§ Required work:
Nothing except the pictures should be left out when you reproduce the listing exactly.

§ Dataset extract:
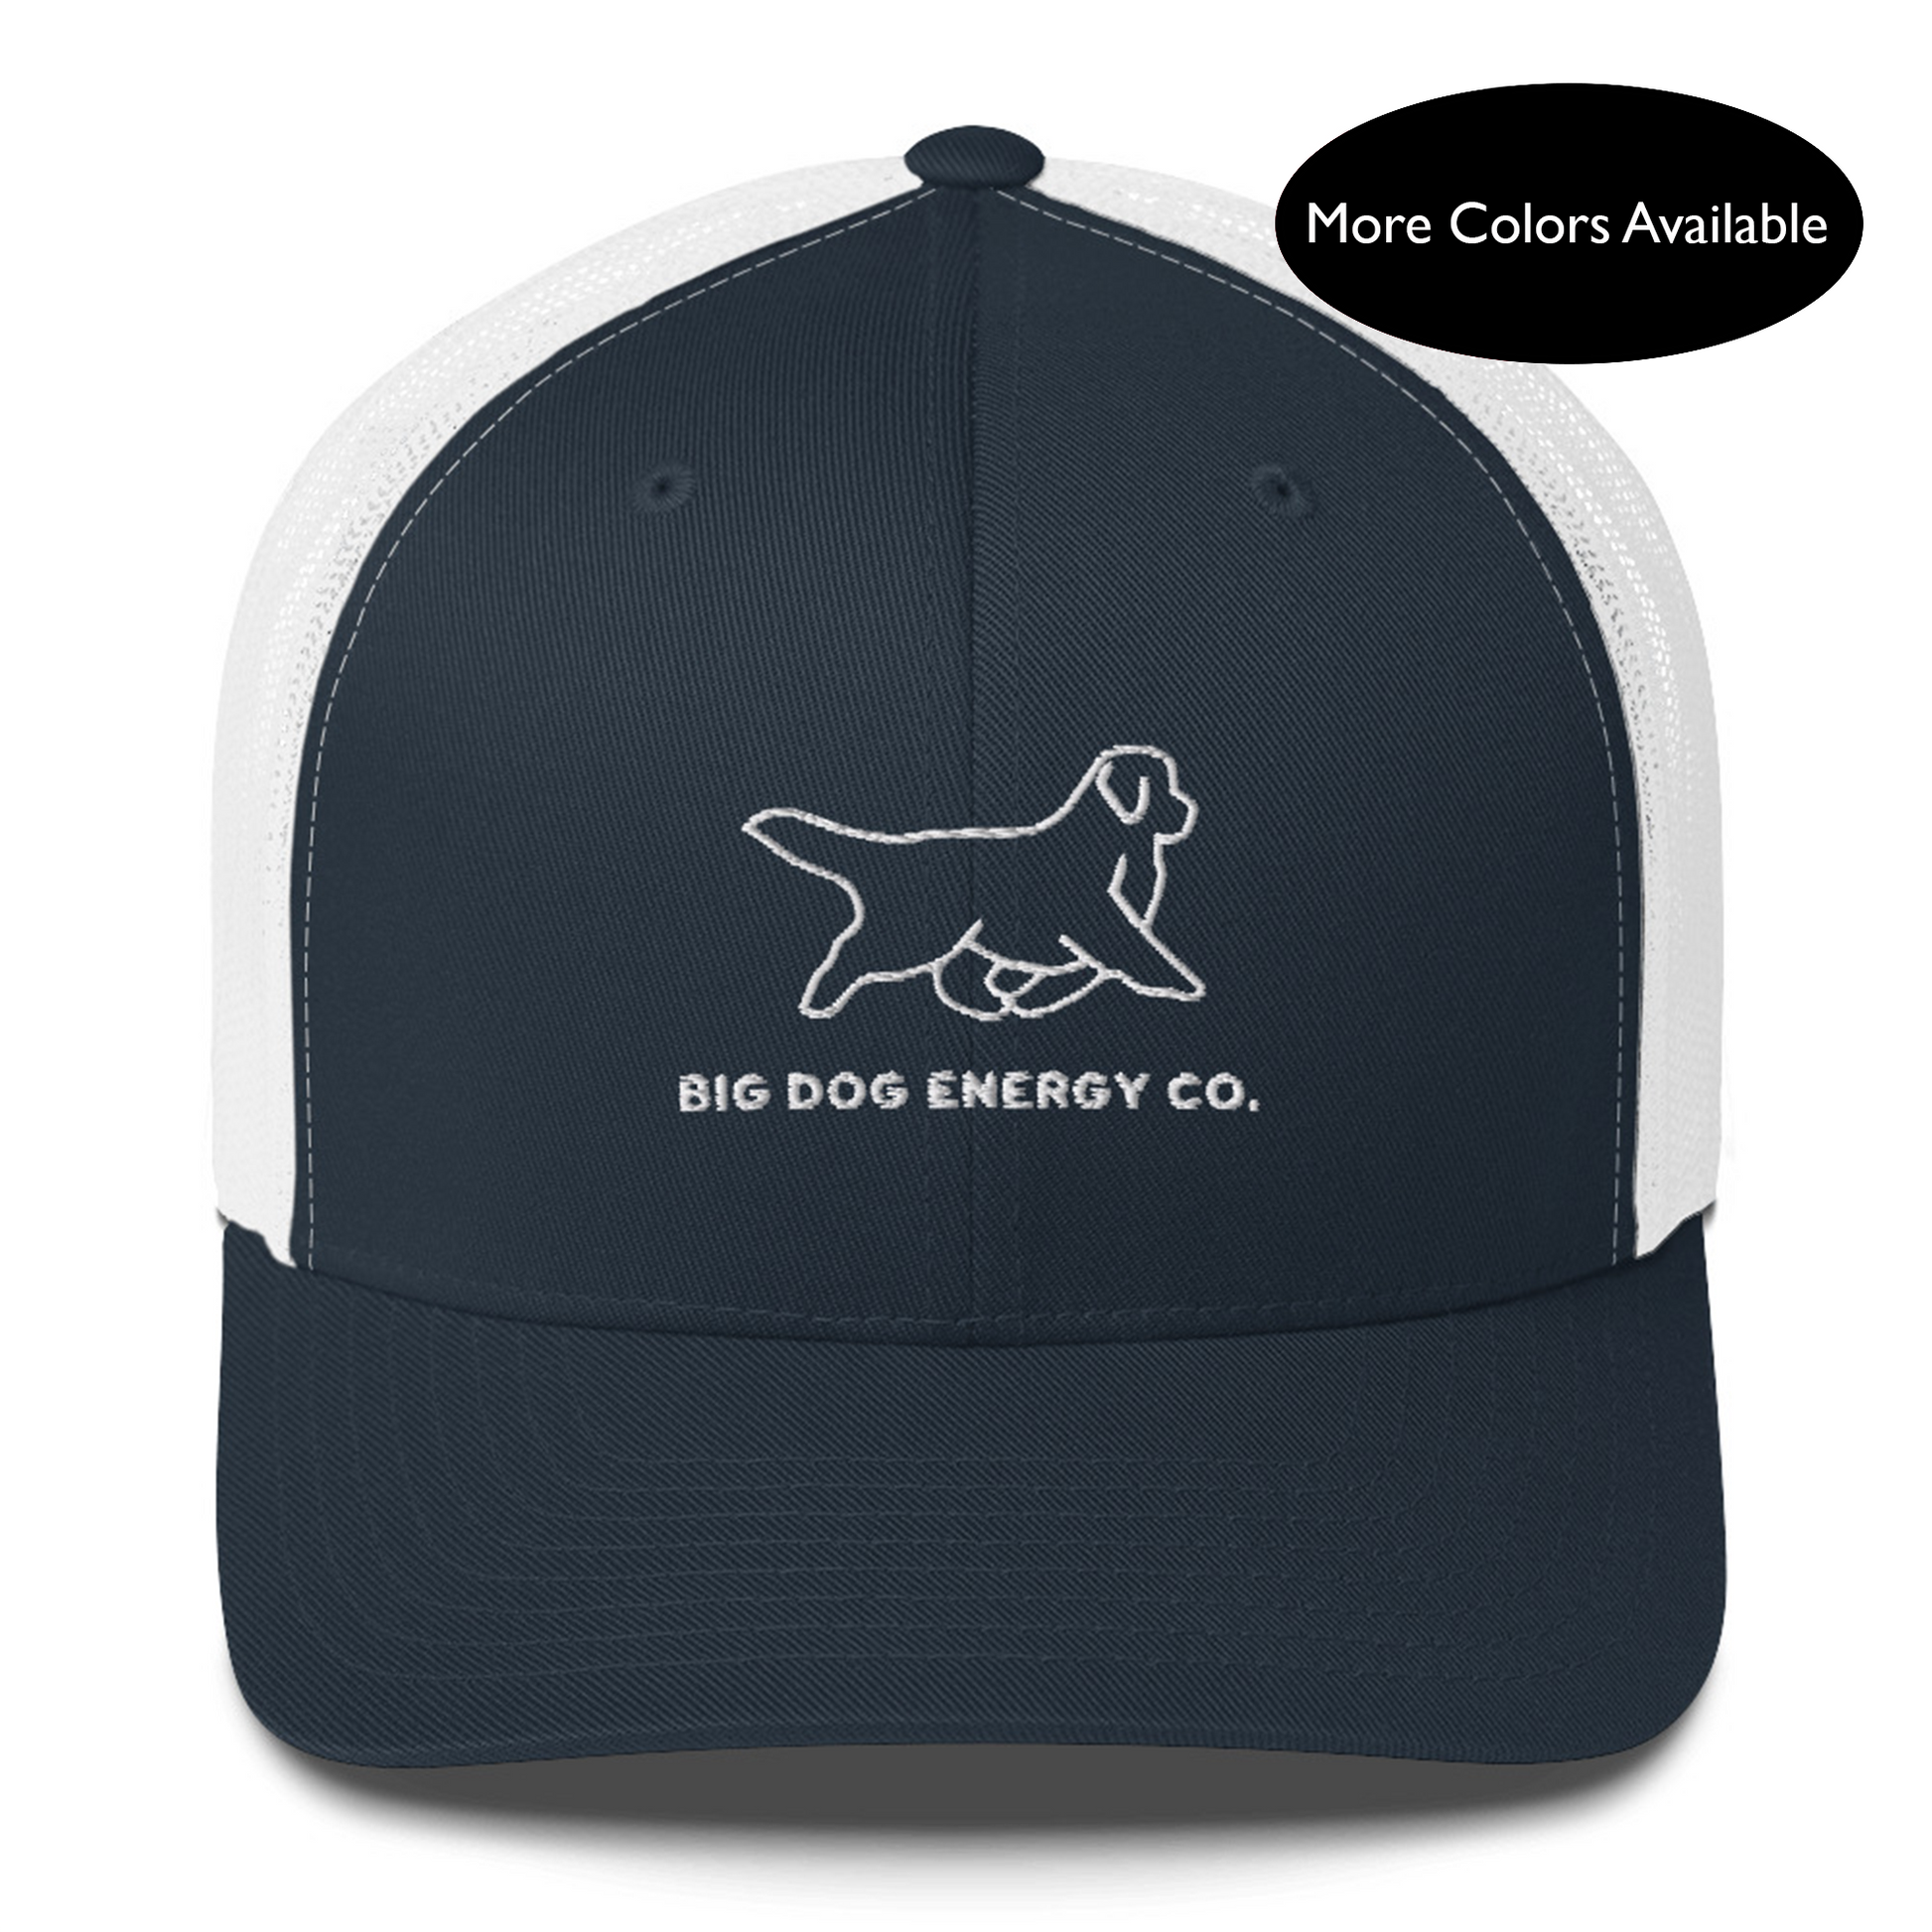 Big Dog Energy Co. Trucker Hat – Big Dog Energy Company
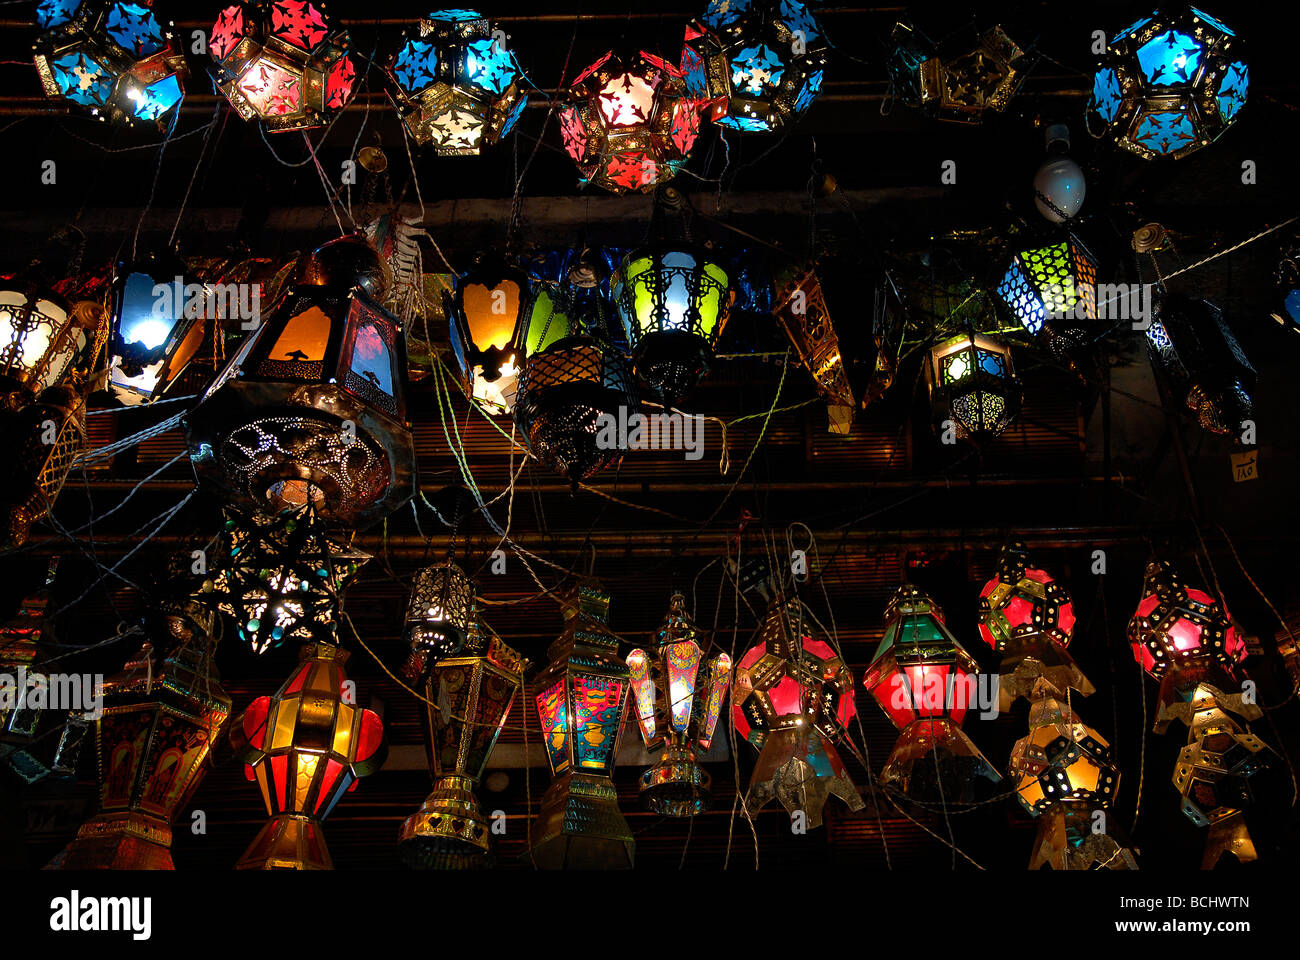 Dans le Ramadan les gens achètent ce qu'on appelle fanooz lanternes pour décorer leur maison avec elle. Une vieille tradition, fait par tout le monde. Banque D'Images
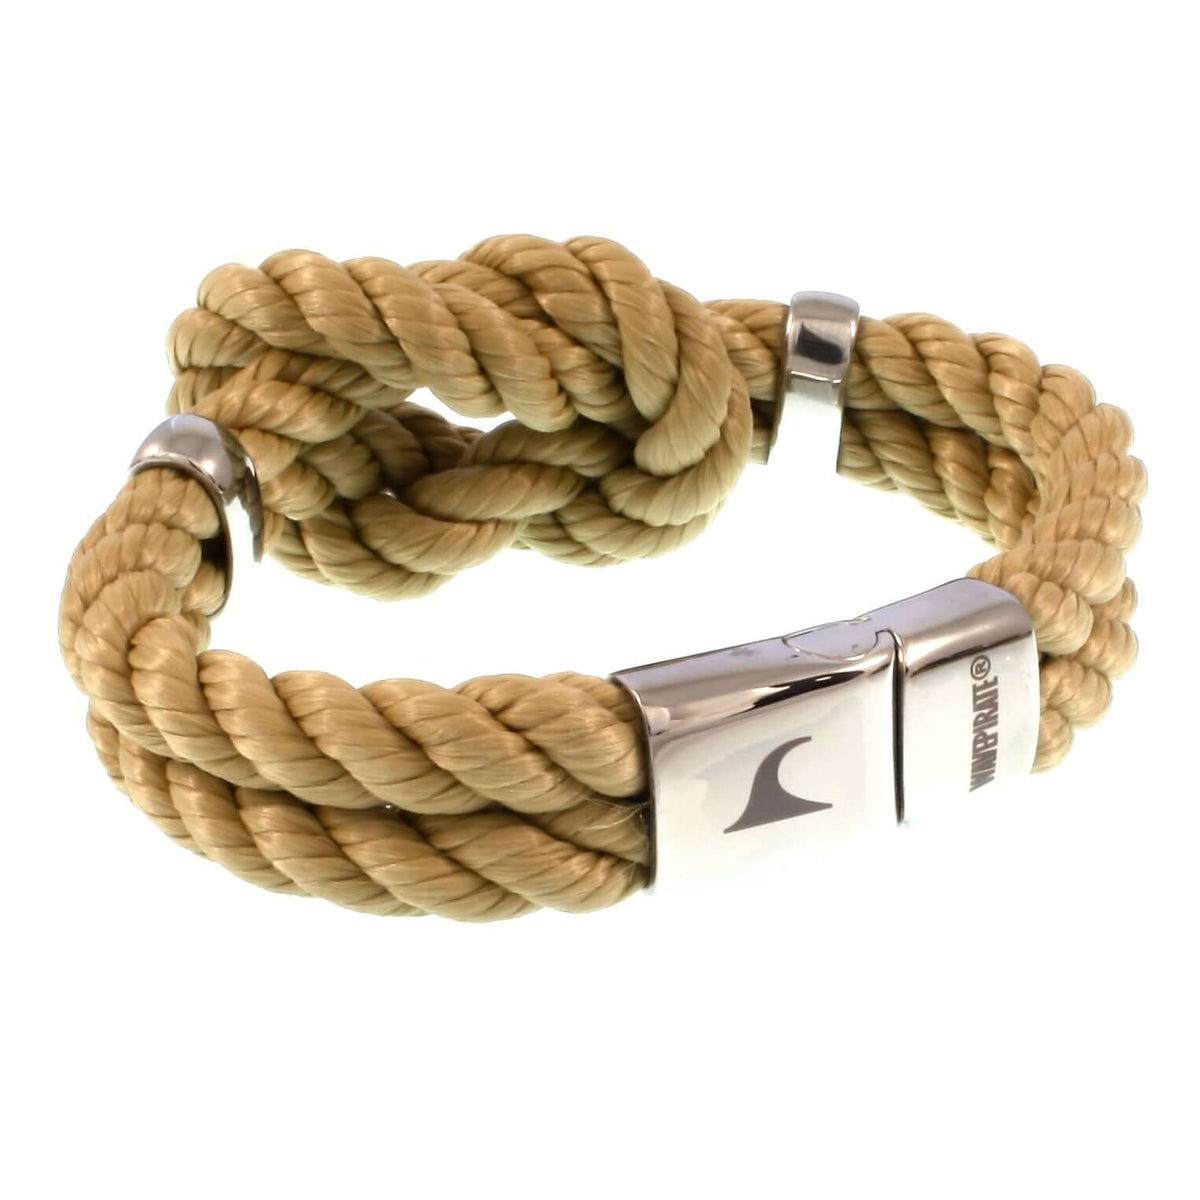 Damen-Segeltau-armband-pure-beige-natur-silber-geflochten-kordel-Edelstahlverschluss-vorn-wavepirate-shop-k

§ Written response:
 Big Dog Energy Co. Trucker Hat – Big Dog Energy Company
 Dans le Ramadan les gens achètent ce qu'on appelle fanooz lanternes pour décorer leur maison avec elle. Une vieille tradition, fait par tout le monde. Banque D'Images
 Damen-Segeltau-armband-pure-beige-natur-silber-geflochten-kordel-Edelstahlverschluss-vorn-wavepirate-shop-k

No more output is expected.